Une
contribution d’Adam Thiam, Le Republicain
« D’ici à ce que les Bamakois
finissent de s’étriper sur le sujet des concertations nationales, les
jihadistes auraient fini leur boulot. Le Mali ne s’est jamais autant
humilié ». Le ressortissant de Gao refugié dans la capitale depuis
avril dernier, savait-il seulement que l’armée malienne est sur son pied
de guerre, piquée au vif par l’avancée facile vers le Sud du pays d’Aqmi
et de ses fondés de pouvoir ? Selon des sources concordantes, des
soldats de l’ex Base aérienne, de Kati, de Ségou et de Sikasso font mouvement
depuis quarante huit heures sur Sevaré.
Si les sources militaires et sécuritaires
préfèrent botter en touche, sans doute par souci de discrétions, plusieurs
témoins de cette ville affirment que les troupes régulières
étaient, hier, allées à la rencontre des jihadistes qui se trouvaient dans l’après-midi
à seulement une cinquantaine de kilomètres de la ligne de front. Des habitants
de la localité de Boré entre Sévaré (base de l’armée malienne) et
Douentza (position tenue par les jihadistes) rapportent que les soldats maliens
durent repousser les assaillants à coup de Bm 21 vers 16 heures [lundi].
La nouvelle s’est répandue à Sévaré et Bamako aussi. Mais les sources
sécuritaires interrogées ne confirmaient pas, hier soir, ce premier accrochage.
« L’armée ne reculera plus »
Les jihadistes durent reculer vers
Douentza, selon des sources villageoises, marquant ainsi, si l’accrochage
s’avérait, le premier choc entre les soldats maliens et les islamistes depuis
l’occupation du Nord en avril dernier par le Mnla, Aqmi, Ansardine et le
Mujao. « Il faut que le Mali donne une leçon mémorable à ces
bandits. Notre armée ne reculera plus », s’enorgueillissaient plusieurs de
nos interlocuteurs. Et la hiérarchie militaire. Elle garde le silence sur sa
stratégie mais reconnaît les mouvements de cinquantaines de
voitures jihadistes vers la ligne de front.

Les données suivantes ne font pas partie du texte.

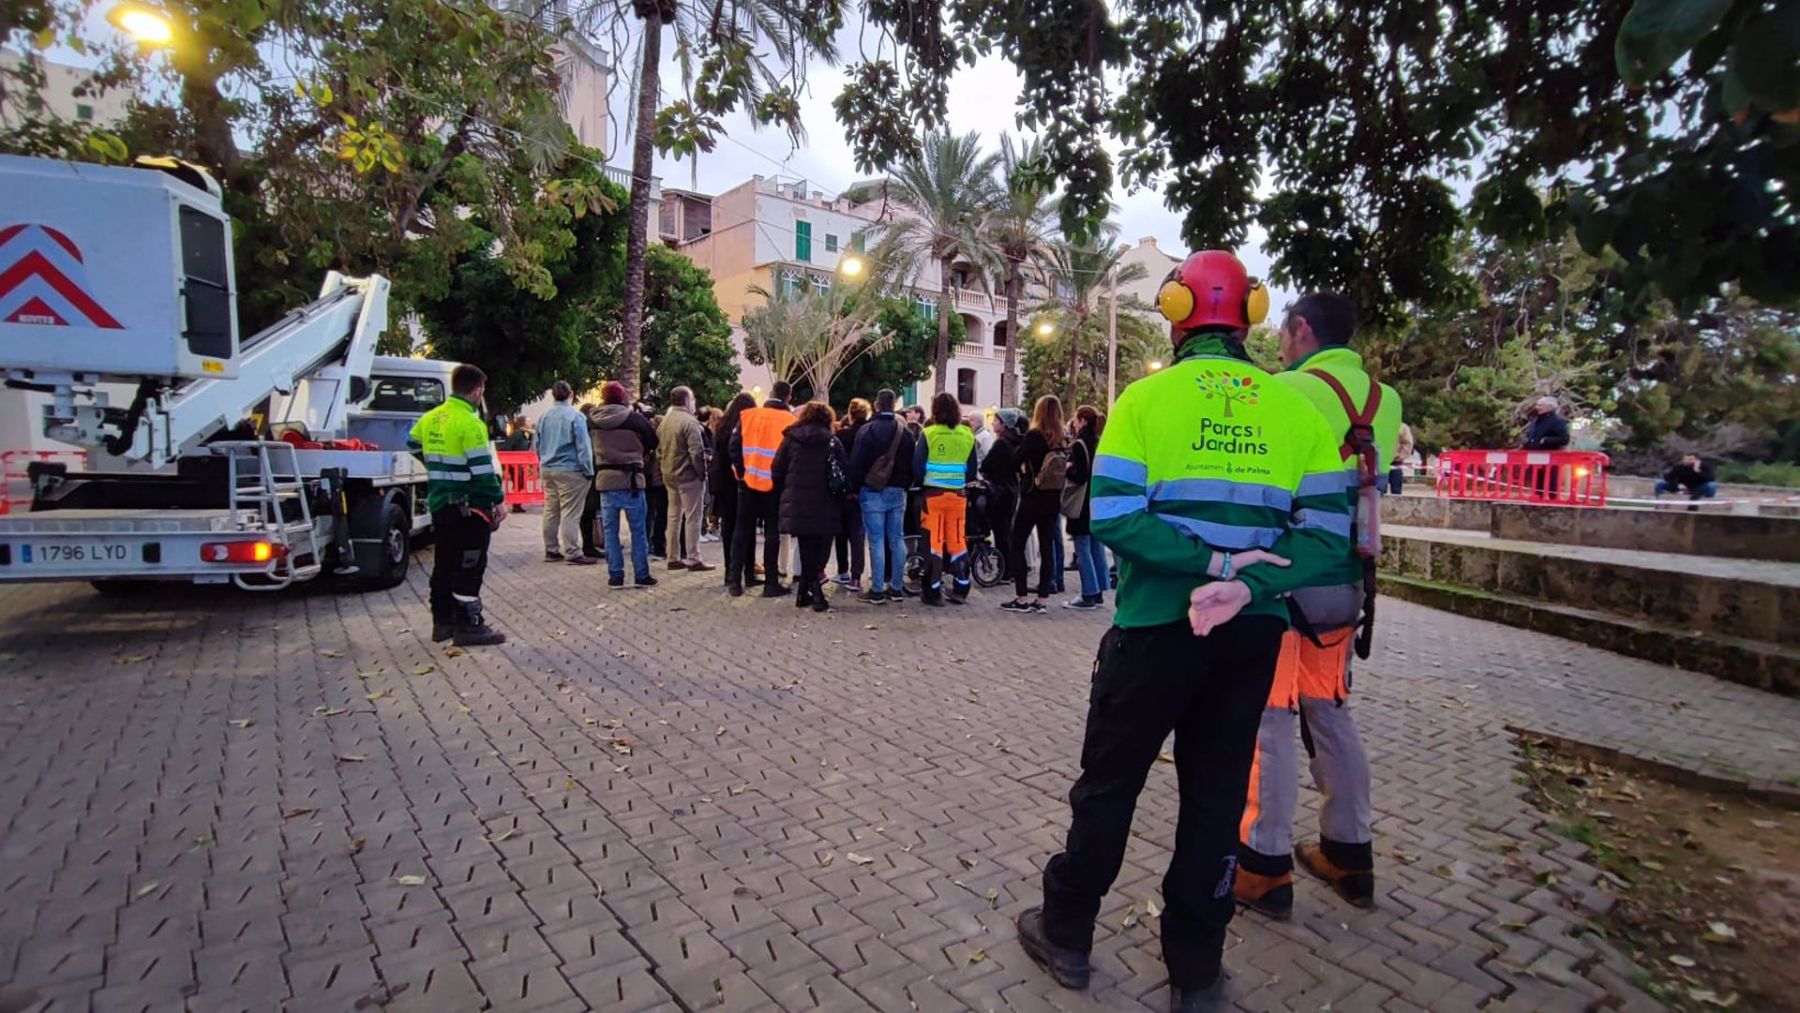 Protesta vecinal y ecologista para impedir la tala de los árboles bellasombra de la plaza Llorenç Villalonga de Palma.

Que veut dire cette nième bravade des
occupants du Nord malien ? Difficile d’y voir clair. Pour d’anciens
officiers, Aqmi veut simplement faire de la zone de Douentza sa ligne de front
en essayant d’empêcher l’armée d’avancer vers les places fortes des islamistes
que sont Tombouctou, Gao et Kidal. L’idée d’attaquer l’armée malienne à
Sévaré relèverait, pour ces militaires retraités, d’une erreur tactique qu’Aqmi
pourrait chèrement payer. Leur argument est qu’hors de leur espace et
sans la tactique du harcèlement et l’effet-surprise, les mujahidines sont des
proies faciles pour toute armée, à fortiori quand celle-ci a plus à se défendre
qu’à attaquer. Et pourtant, des ressortissants du Nord ne voient pas dans cette
provocation d’Aqmi la seule témérité suicidaire. Quoi alors ? Un
maire du Nord lui aussi réfugié à Bamako s’interroge : « je ne
sais vraiment pas ce que visent les salafistes. Mais ils ont une idée en
tête ».
Pour un acteur de la société civile du
Nord très au fait des logiques de la nébuleuse, tout ce mouvement vise à
rendre Ansardine inéligible au dialogue. Cet observateur averti
ajoute : « Ansardine ne se jouera pas facilement d’Aqmi. Iyad est le
premier à le savoir ». Comme si Bassolé avait tout entendu, les
négociations entre la délégation malienne et Ansardine-Mnla prévues à Ouaga le
10 janvier ont été reportées. Le baroud des jihadistes vers le Sud y est
certainement pour quelque chose.
Mais le fait que la Commission Nationale
des Négociations ne soit toujours pas désignée est aussi l’autre explication,
croient savoir plusieurs responsables d’organisations ou de communautés du
Nord. Cette Commission qui animera le dialogue inter-malien constituerait,
pourtant à leurs yeux, une bouée de sauvetage et pour Iyad qui « est
de fait le dernier otage aux mains d’Abuzeid » et pour le Mnla qui ne sera
rassuré que « pardonné par les communautés sédentaires ». En
attendant, la fête de l’armée approche – le 20 janvier – et ceux
des Maliens qui souffrent de la situation du Nord et du pays donneraient
tout pour une défaite cuisante des islamistes ce jour ou même avant.